*Work task*. The reply should hold every line of the listing exactly, and none of its images.

*Source data*.
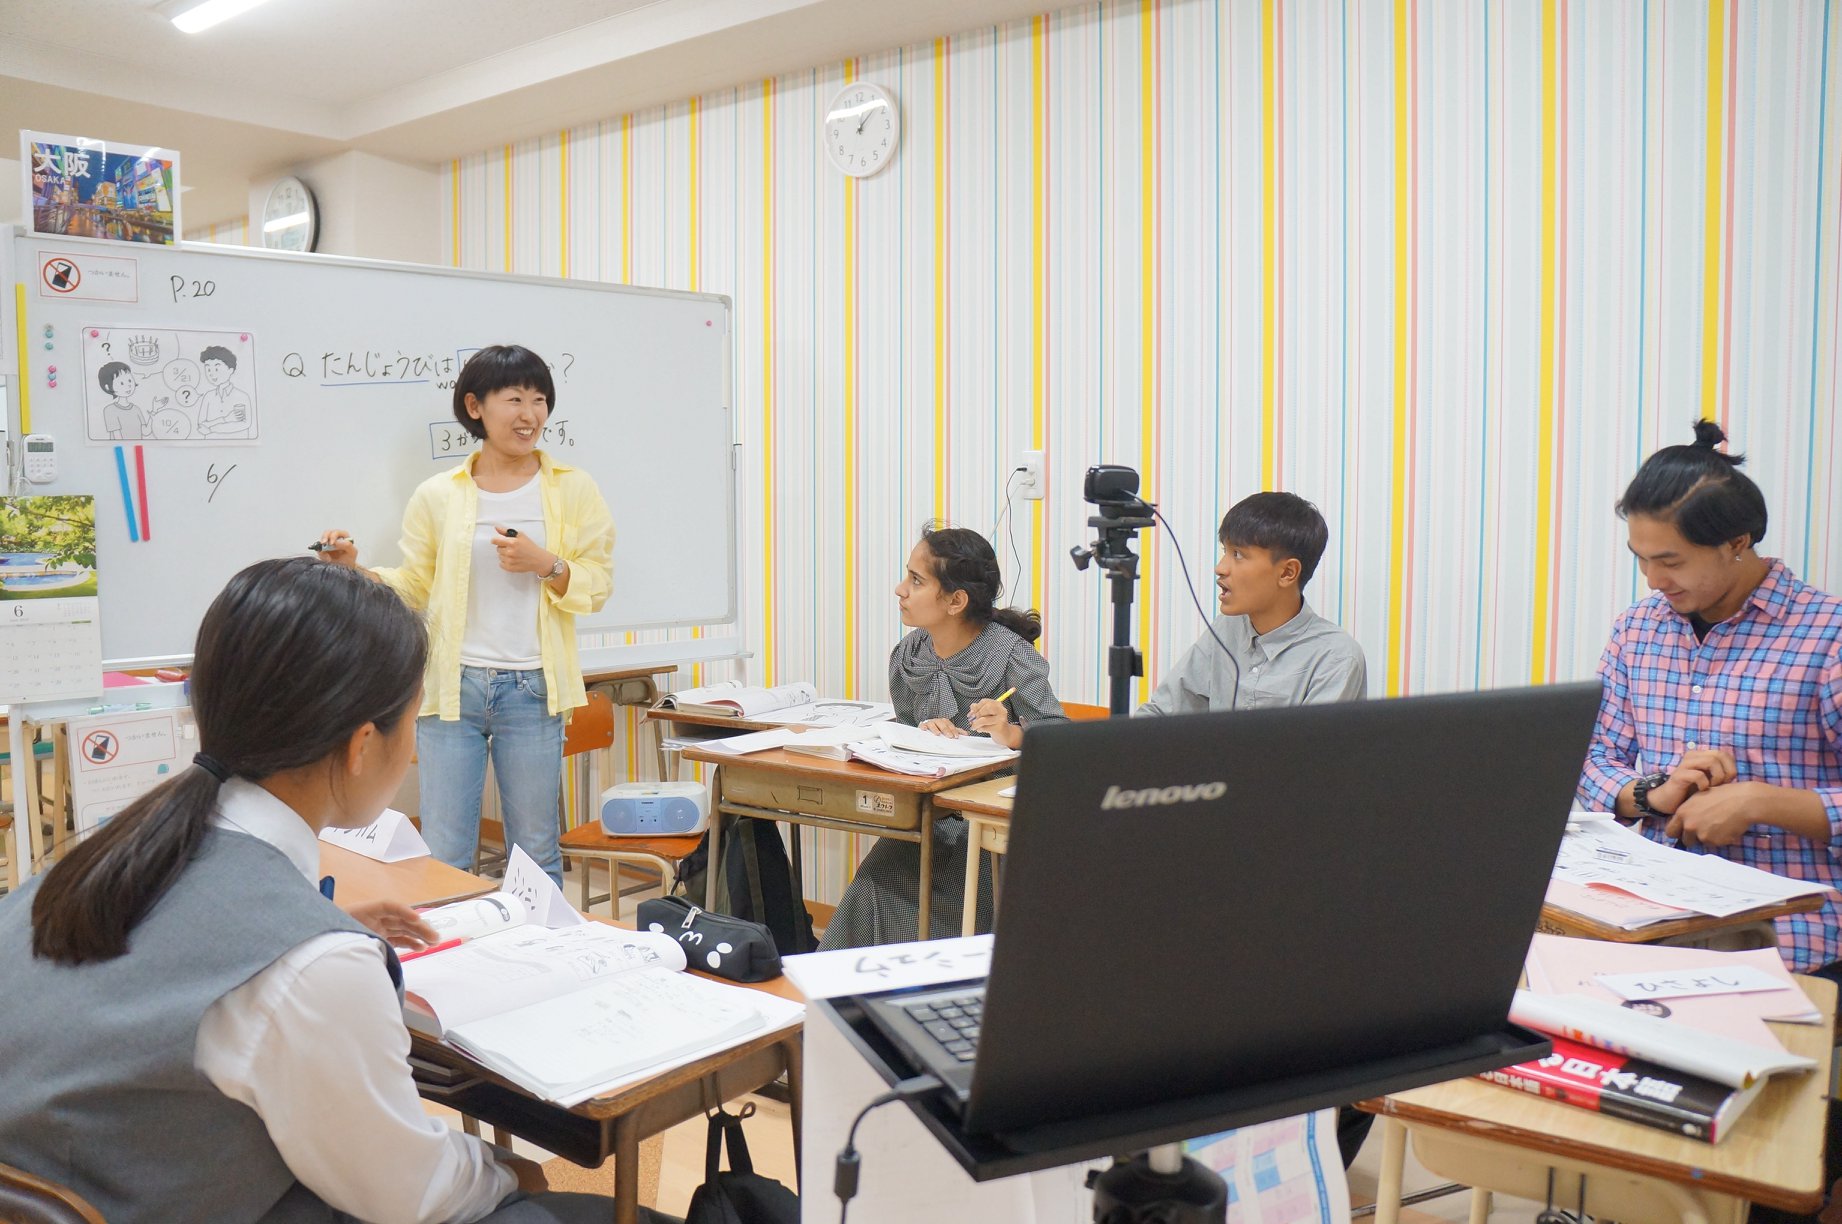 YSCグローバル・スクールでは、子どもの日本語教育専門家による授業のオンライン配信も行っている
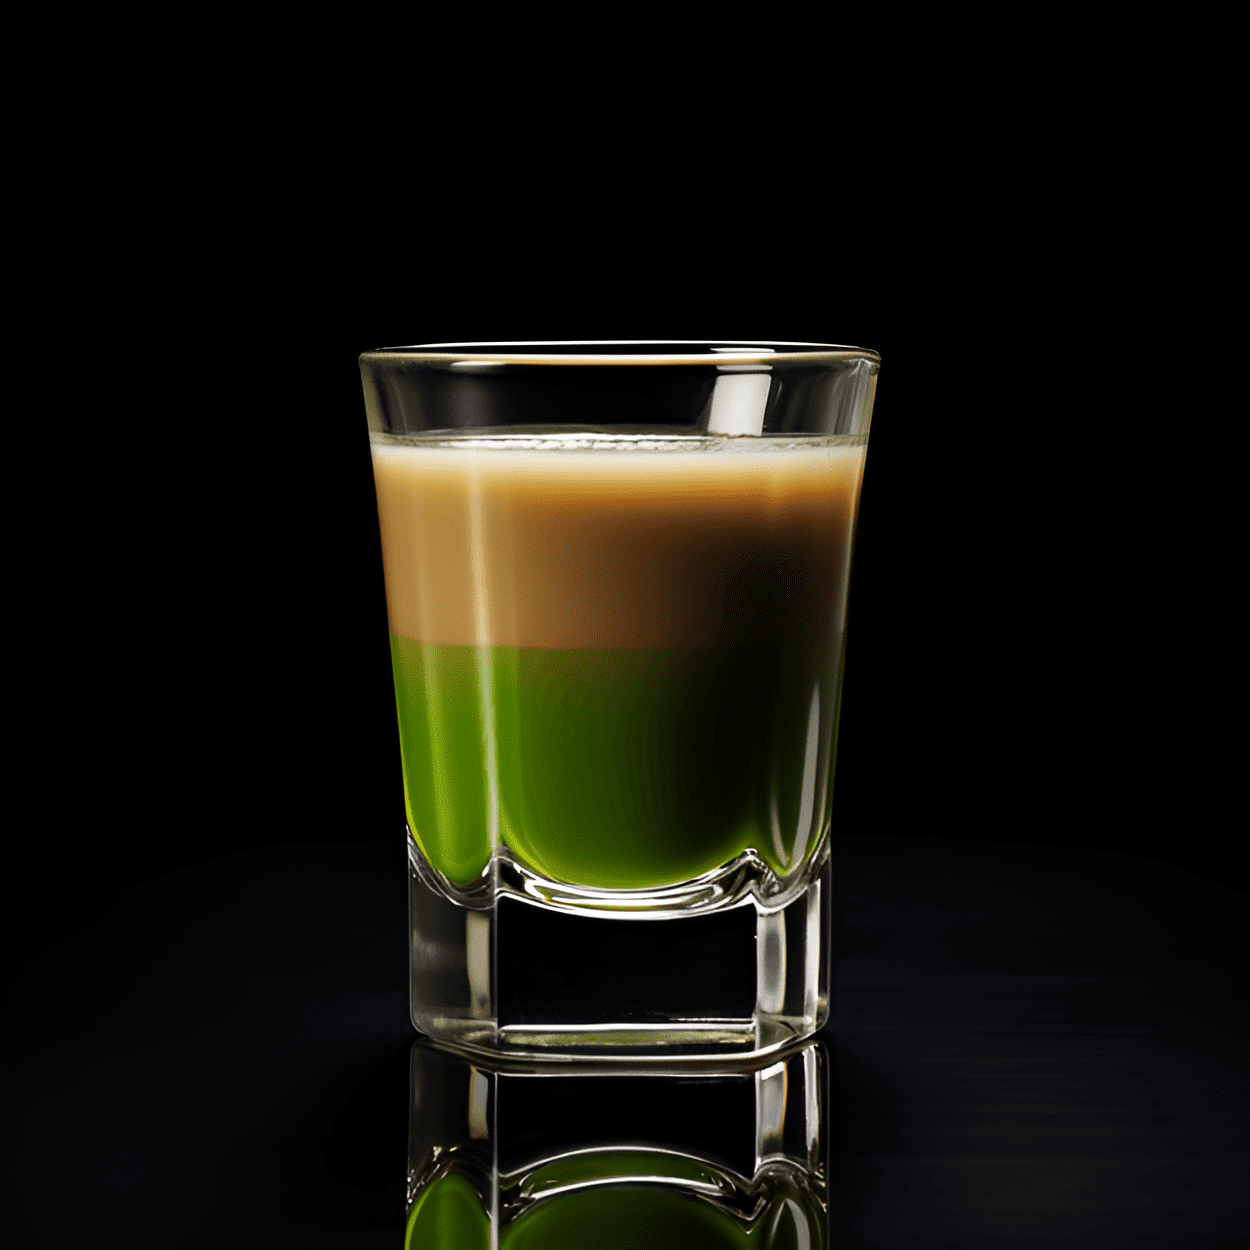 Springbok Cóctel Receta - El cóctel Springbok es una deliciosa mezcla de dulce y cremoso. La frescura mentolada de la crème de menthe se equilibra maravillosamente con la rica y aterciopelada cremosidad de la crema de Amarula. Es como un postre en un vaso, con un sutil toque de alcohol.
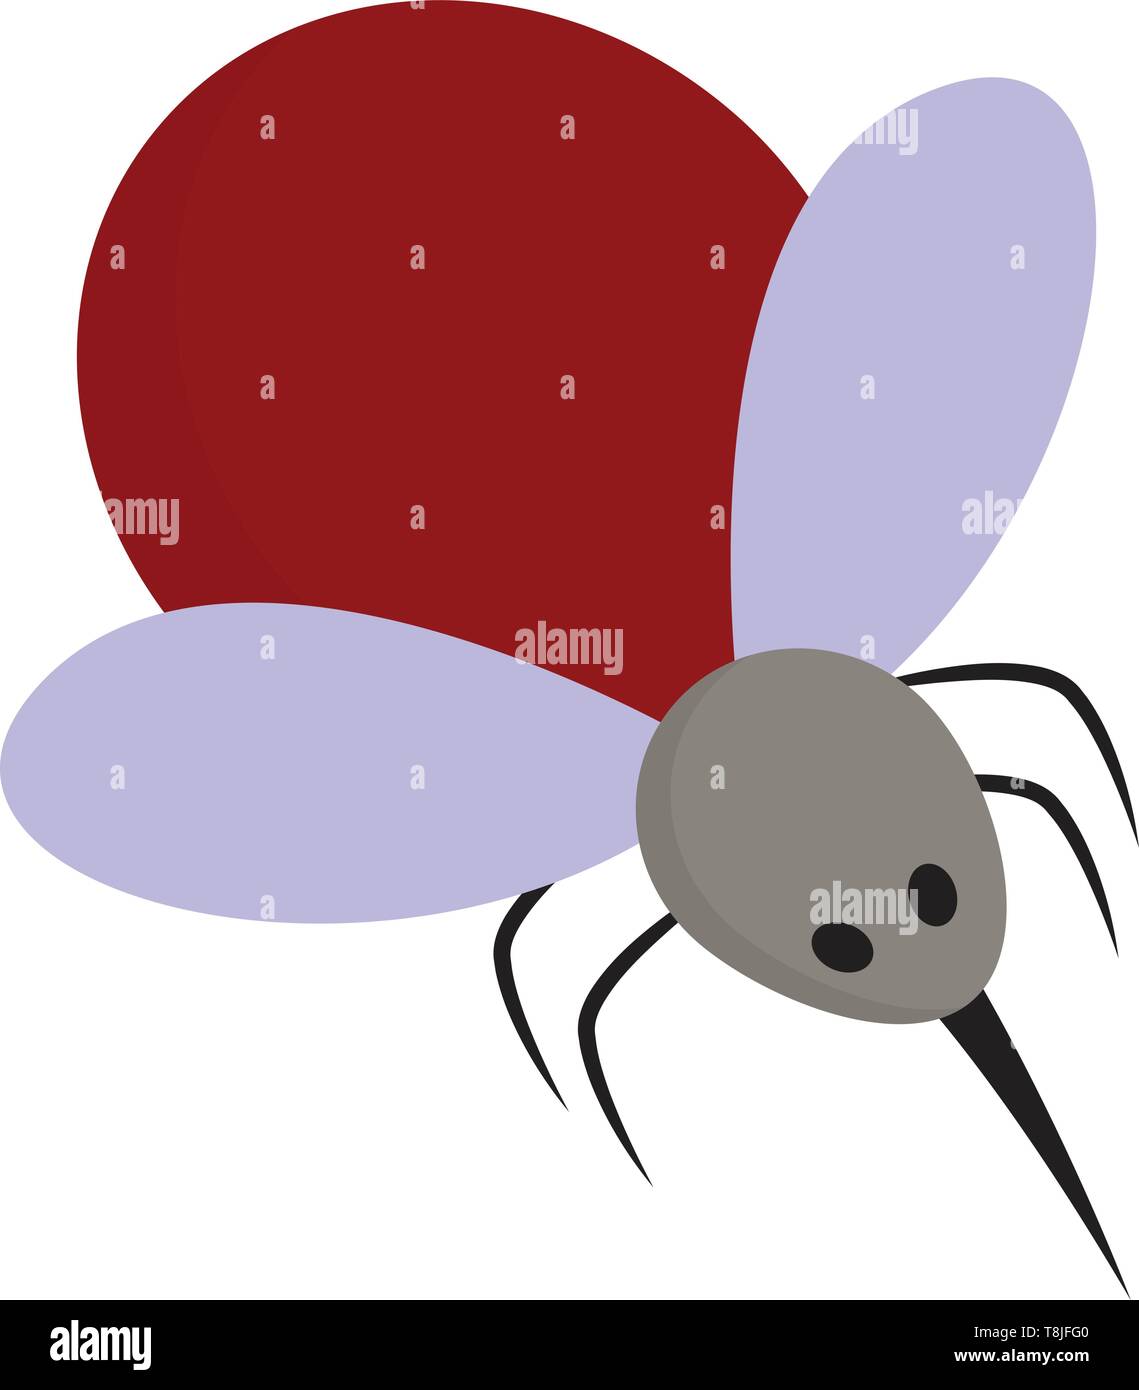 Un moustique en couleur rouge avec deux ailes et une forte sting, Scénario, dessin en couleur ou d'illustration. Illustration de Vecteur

*Exercise response*.
 YSCグローバル・スクールでは、子どもの日本語教育専門家による授業のオンライン配信も行っている
 Springbok Cóctel Receta - El cóctel Springbok es una deliciosa mezcla de dulce y cremoso. La frescura mentolada de la crème de menthe se equilibra maravillosamente con la rica y aterciopelada cremosidad de la crema de Amarula. Es como un postre en un vaso, con un sutil toque de alcohol.
 Un moustique en couleur rouge avec deux ailes et une forte sting, Scénario, dessin en couleur ou d'illustration. Illustration de Vecteur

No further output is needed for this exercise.